Sunday, November 05, 2006
“Difficult Colour, Green”
A Review of Gosford Park
I spent a spinsterish evening with a bottle of wine and my Netflix last night. I watched Gosford Park, which I missed in theatres when it came out (has it been five years already?) and was immensely pleased. Be advised: there are spoilers in the following review.
A murder mystery set in an English coutnry manor, Gosford Park draws self-consciously on tropes off the Birtish golden Age mysteries, and pulls it off splendidly.
The film features a number of wonderful spinsters, each initially dismissed and underestimated, but all, in the end, proving the true strength and slyness that lies beneath the brittle façade. (Being underestimated is a primary characteristic of the spinster.) Characterization is also one of the best points of the subtle, complex and layered script, in which characters are never what they seem. Maggie Smith initially comes off as little more than a cantankerous old crank, but reveals herself to be witty and full of sly humour. She also has some of the best lines in the film, particularly when she’s cutting other people down, but she does well with all manner of well-phrased complaints and orders.
Helen Mirren is the other spinster of significance. She is cold, excessively proper, orderly, and utterly unyielding. Thin and tight-lipped in a form-flattening dress, she evokes all the frigid spinster stereotypes on sight. But of course beneath that rigid front lies a smoldering cauldron of repressed emotion, in this case heartbreaking regret over the baby boy she gave away when she was a young factory girl. She is completely self-sacrificing (“I am the perfect servant” she says) and goes to great lengths to safeguard her son.
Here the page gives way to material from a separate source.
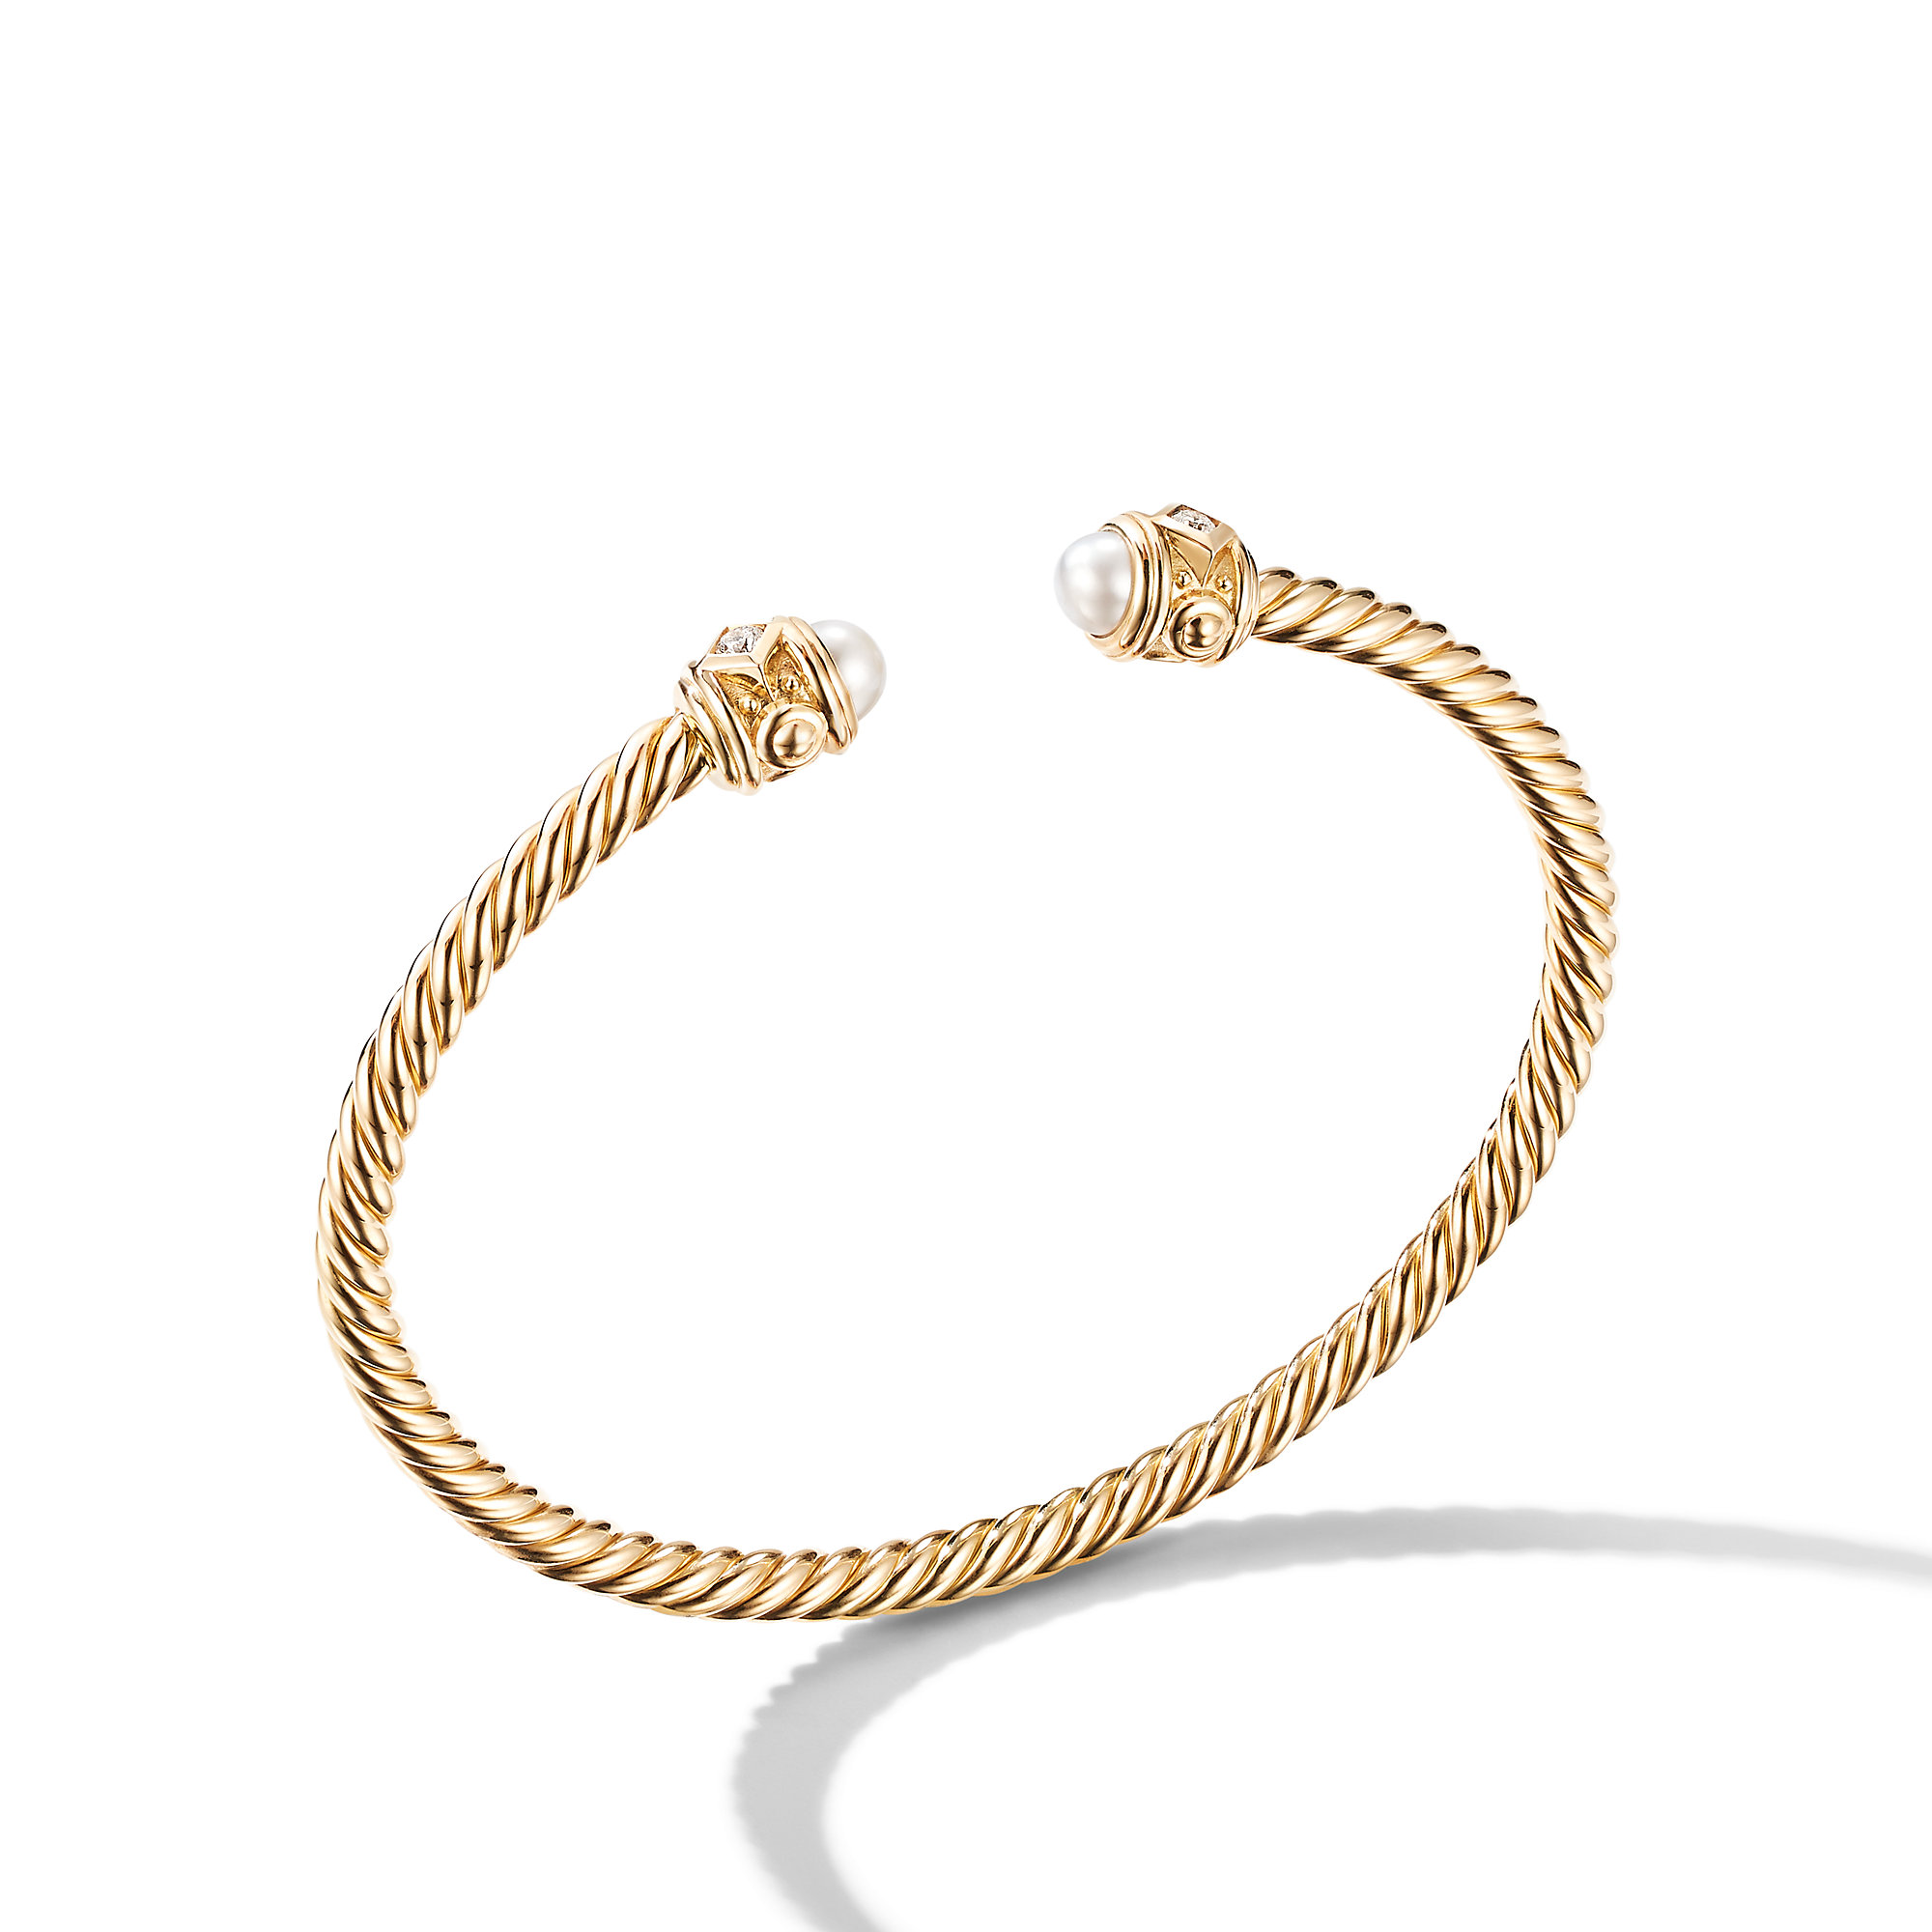 Renaissance Bracelet in 18K Yellow Gold with Pearls and Diamonds

Mirren is a secretly maternal spinster; Smith is an old woman who revels in her selfishness and solitude, and thus sets an example for us all. I also like Eileen Atkins’ character, who reminds us that a spinster’s best friend is often her sister.
I also like the relationship between Maggie Smith and her maid in the film. The young Mary (Kelly Macdonald) eventually garners the old countesses approval after showing herself to be just as stoically, almost cheerfully, amoral as the old woman.
The film has it all -- class, sexual mores, an homage to Jean Renoir -- and the writing sparkles, all Cole Porter and champagne. And I love these characters. I think I may also have taken a fancy to Clive Owen. His obvious bent toward melancholy is terribly attractive.